Aligns molecules to a reference molecule.

Parameters:
  • molecules (list[rdkit.Chem.Mol]) – list of molecules to align

  • reference (rdkit.Chem.Mol) – Molecule to align to

  • to_previous (bool, optional) – Align to previous molecule

Returns:

rmsds – list of root mean square deviations from the reference

Return type:

list[float]

tqchem.chem.align_xyz_strings(xyzs: list[str], reference: str, to_previous: bool = False) tuple[list[str], list[float]]

Aligns molecules to a reference molecule.

Parameters:
  • xyzs (list[str]) – list of strings containing xyz data

  • reference (str) – String containing xyz data for the reference to align against

  • to_previous (bool, optional) – Align to previous molecule

Returns:

  • aligned_xyzs (list[str]) – aligned xyz strings

  • rmsds (list[float]) – list of root mean square deviations from the reference

tqchem.chem.rdkit_molecules_to_xyz(molecules: list[rdkit.Chem.Mol], path: str | pathlib.Path) None

Write list of rdkit molecules to xyz file

Parameters:
  • molecules (list[rdkit.Chem.Mol]) – list of molecules to write to file

  • path (str | Path) – Path to the xyz file

tqchem.chem.adjacencyMatrix(mol: ase.Atoms) numpy.ndarray

Determine adjacency matrix based on atomic distances

Parameters:

mol (ase.atoms.Atoms) – Object representing the molecule

Returns:

mat – Adjacency matrix for each pair of atoms

Return type:

np.array

tqchem.chem.bondMatrix(mol: ase.Atoms, radius_cutoff: float = ...)

Determine bond matrix based on atomic distances

Parameters:
  • mol (ase.atoms.Atoms) – Object representing the molecule

  • radius_cutoff (float) – Cutoff for the bond length

Returns:

mat – matrix which is 1 for bond between atoms and 0 otherwise

Return type:

np.array

tqchem.chem.determineBonds(mol: ase.Atoms) numpy.ndarray

Determine the bonds based on the adjacency matrix

tqchem.chem.element_color(atomic_number: int) tuple[float, float, float]
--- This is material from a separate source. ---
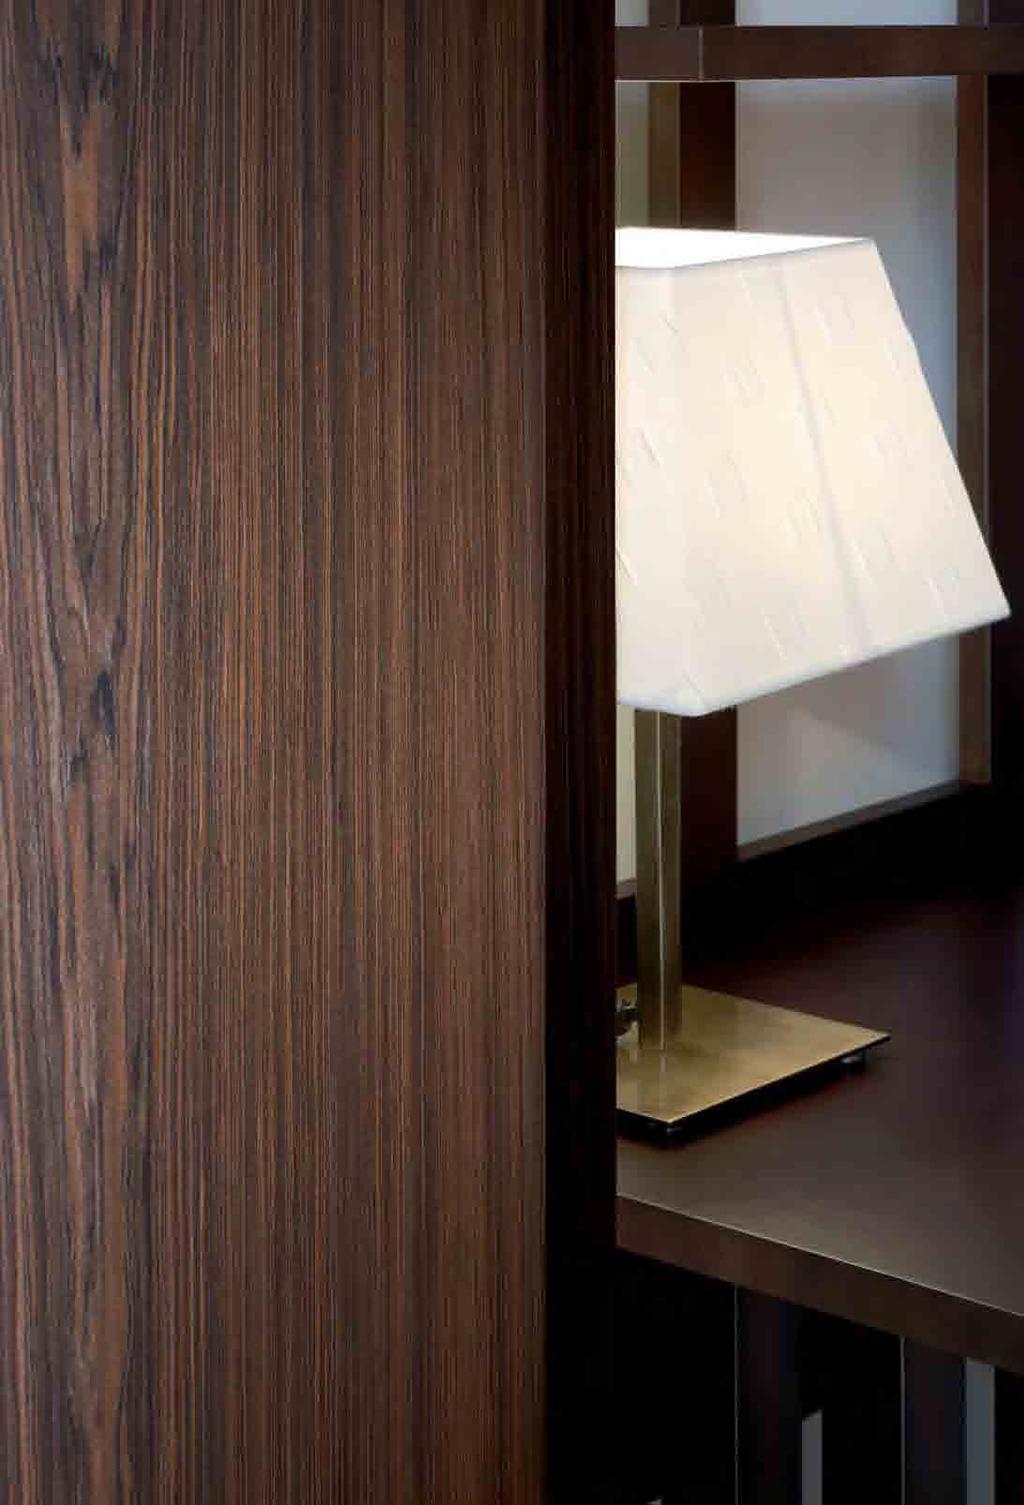 more than a conventional veneer Formica Ligna is a decorative laminate which incorporates a real wood veneer.

Return element color for a given atomic number

tqchem.chem.wiberg_bond_orders(molecule: ase.Atoms) numpy.ndarray
tqchem.chem.atoms_collided(molecule: ase.Atoms, cutoff: float = 0.5) bool

True if two atoms are closer than a set cutoff.

tqchem.chem.adjacency_differs(adjacency1: numpy.ndarray, adjacency2: numpy.ndarray) bool

Return if 2 adjacency matrices differ

tqchem.chem.generate_rdkit_conformers(molecule: rdkit.Chem.Mol, n_conformers: int, threshold: float = 0.125, keep_current: bool = False, threads: int = 4, seed: int = 42) list[int]
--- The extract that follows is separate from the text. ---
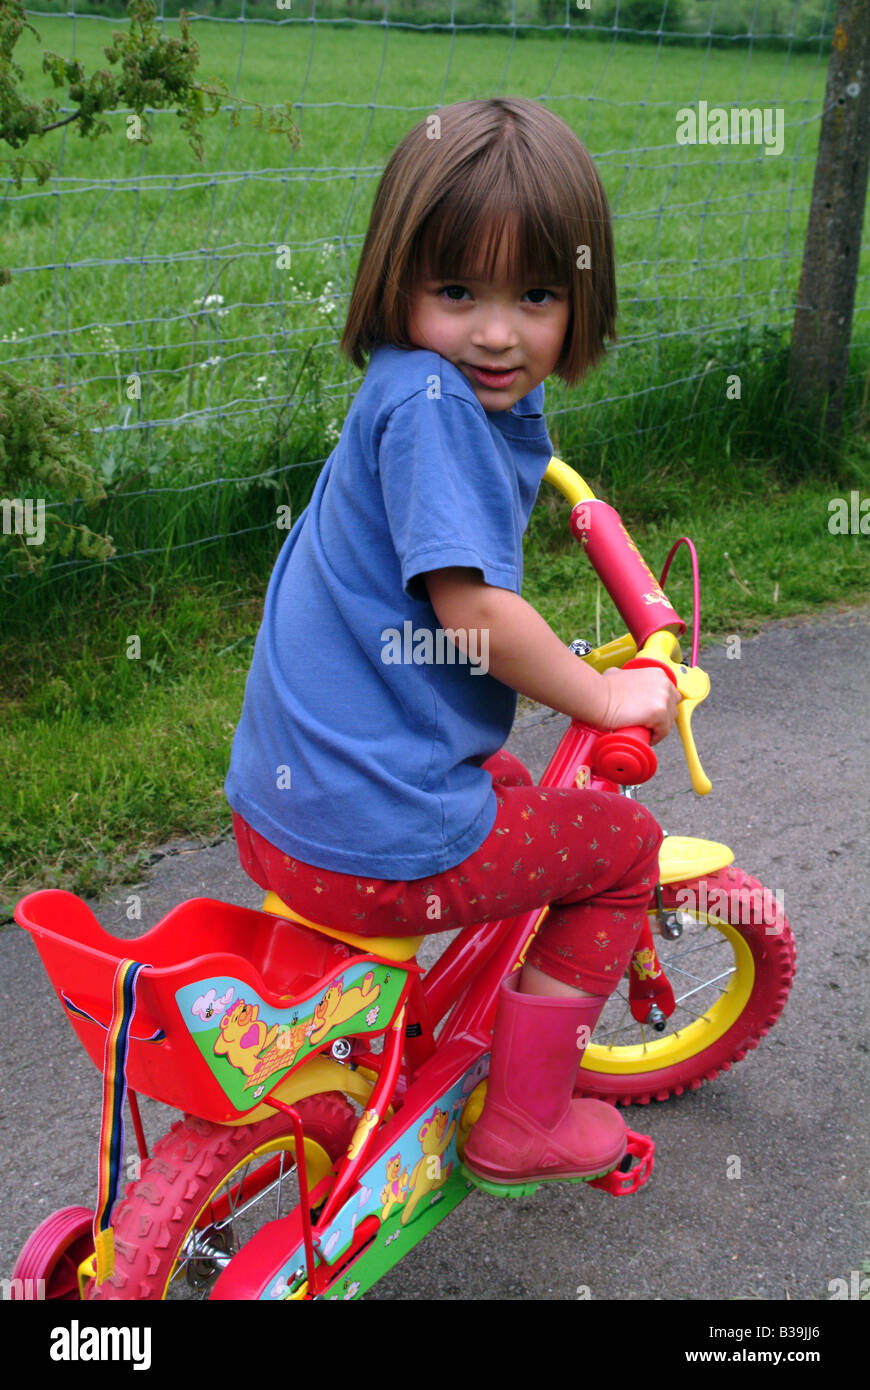 Portrait of a girl cycling with stabilisers Stock Photo

Generate conformers from rdkit and returns ids of generated ones

The conformers are stored inside the molecule and a list of conformer ids for the conformers generated during this function is returned

Parameters:
  • molecule (Chem.Mol) – rdkit molecule object

  • n_conformers (int,) – Number of conformers to generate. If threshold > 0 we generate 10 times more to get at least the specified number

  • threshold (float, default=0.125) – RMSD threshold below which we consider conformers identical

  • keep_current (bool, default=False) – Keep conformers currently stored in molecule

  • threads (int, default=4) – Number of threads to use in the conformer generation

  • seed (int, default=42) – Random seed

Return type:

list of conformer ids for the conformers generated